Would you return the lines between the one holding "55+ couple enjoy" and the one holding "Powdered colors are", inclusive, and only those, exactly as they stand in the listing below?
===============
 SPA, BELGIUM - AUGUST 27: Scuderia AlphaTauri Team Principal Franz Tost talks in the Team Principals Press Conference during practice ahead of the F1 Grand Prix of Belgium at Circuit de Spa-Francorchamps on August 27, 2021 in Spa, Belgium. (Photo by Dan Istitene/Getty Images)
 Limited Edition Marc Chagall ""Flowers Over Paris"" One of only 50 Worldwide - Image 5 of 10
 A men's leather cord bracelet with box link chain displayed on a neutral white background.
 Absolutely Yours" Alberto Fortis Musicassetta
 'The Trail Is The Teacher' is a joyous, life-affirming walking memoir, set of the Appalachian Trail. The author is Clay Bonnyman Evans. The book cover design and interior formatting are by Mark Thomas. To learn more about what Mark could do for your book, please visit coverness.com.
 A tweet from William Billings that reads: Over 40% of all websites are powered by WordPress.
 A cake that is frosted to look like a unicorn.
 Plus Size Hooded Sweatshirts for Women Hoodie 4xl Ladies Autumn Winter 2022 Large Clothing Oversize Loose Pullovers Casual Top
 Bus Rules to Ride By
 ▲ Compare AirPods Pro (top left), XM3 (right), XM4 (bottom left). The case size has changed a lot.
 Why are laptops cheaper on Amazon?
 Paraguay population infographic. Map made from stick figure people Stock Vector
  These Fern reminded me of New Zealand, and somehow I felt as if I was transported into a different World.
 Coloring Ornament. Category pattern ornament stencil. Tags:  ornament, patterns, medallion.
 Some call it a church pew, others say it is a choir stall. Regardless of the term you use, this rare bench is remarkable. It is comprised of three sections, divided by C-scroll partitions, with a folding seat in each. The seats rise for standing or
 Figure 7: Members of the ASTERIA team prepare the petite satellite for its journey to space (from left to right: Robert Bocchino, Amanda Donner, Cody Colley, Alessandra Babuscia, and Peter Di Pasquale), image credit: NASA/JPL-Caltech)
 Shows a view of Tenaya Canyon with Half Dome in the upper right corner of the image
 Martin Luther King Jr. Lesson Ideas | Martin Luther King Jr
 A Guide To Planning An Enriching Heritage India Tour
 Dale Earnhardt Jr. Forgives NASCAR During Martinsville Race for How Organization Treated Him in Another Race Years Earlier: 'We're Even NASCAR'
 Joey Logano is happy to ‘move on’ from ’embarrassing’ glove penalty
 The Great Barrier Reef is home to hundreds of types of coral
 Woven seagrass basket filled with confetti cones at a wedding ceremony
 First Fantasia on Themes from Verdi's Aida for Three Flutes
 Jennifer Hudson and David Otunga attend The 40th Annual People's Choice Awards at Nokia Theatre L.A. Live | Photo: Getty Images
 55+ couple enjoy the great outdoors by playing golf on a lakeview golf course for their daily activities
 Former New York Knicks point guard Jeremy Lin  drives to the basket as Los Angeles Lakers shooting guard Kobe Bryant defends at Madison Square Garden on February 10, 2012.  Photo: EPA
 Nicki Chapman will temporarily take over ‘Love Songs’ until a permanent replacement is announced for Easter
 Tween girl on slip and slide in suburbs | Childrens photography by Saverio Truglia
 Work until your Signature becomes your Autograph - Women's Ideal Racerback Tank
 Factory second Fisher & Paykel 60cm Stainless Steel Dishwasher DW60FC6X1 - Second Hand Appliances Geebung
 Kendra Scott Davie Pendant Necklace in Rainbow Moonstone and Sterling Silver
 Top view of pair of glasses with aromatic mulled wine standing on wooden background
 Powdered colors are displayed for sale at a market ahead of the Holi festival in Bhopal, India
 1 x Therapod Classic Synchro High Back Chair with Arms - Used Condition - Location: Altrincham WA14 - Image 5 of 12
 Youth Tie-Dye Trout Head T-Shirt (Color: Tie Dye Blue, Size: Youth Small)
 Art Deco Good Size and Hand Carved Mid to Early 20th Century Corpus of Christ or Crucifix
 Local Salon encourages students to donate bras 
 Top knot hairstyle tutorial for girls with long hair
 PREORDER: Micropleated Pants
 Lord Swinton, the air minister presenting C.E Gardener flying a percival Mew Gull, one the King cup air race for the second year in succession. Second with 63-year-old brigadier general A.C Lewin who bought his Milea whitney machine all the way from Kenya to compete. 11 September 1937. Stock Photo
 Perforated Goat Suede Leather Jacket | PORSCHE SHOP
===============
▸ ANSWER:
 55+ couple enjoy the great outdoors by playing golf on a lakeview golf course for their daily activities
 Former New York Knicks point guard Jeremy Lin  drives to the basket as Los Angeles Lakers shooting guard Kobe Bryant defends at Madison Square Garden on February 10, 2012.  Photo: EPA
 Nicki Chapman will temporarily take over ‘Love Songs’ until a permanent replacement is announced for Easter
 Tween girl on slip and slide in suburbs | Childrens photography by Saverio Truglia
 Work until your Signature becomes your Autograph - Women's Ideal Racerback Tank
 Factory second Fisher & Paykel 60cm Stainless Steel Dishwasher DW60FC6X1 - Second Hand Appliances Geebung
 Kendra Scott Davie Pendant Necklace in Rainbow Moonstone and Sterling Silver
 Top view of pair of glasses with aromatic mulled wine standing on wooden background
 Powdered colors are displayed for sale at a market ahead of the Holi festival in Bhopal, India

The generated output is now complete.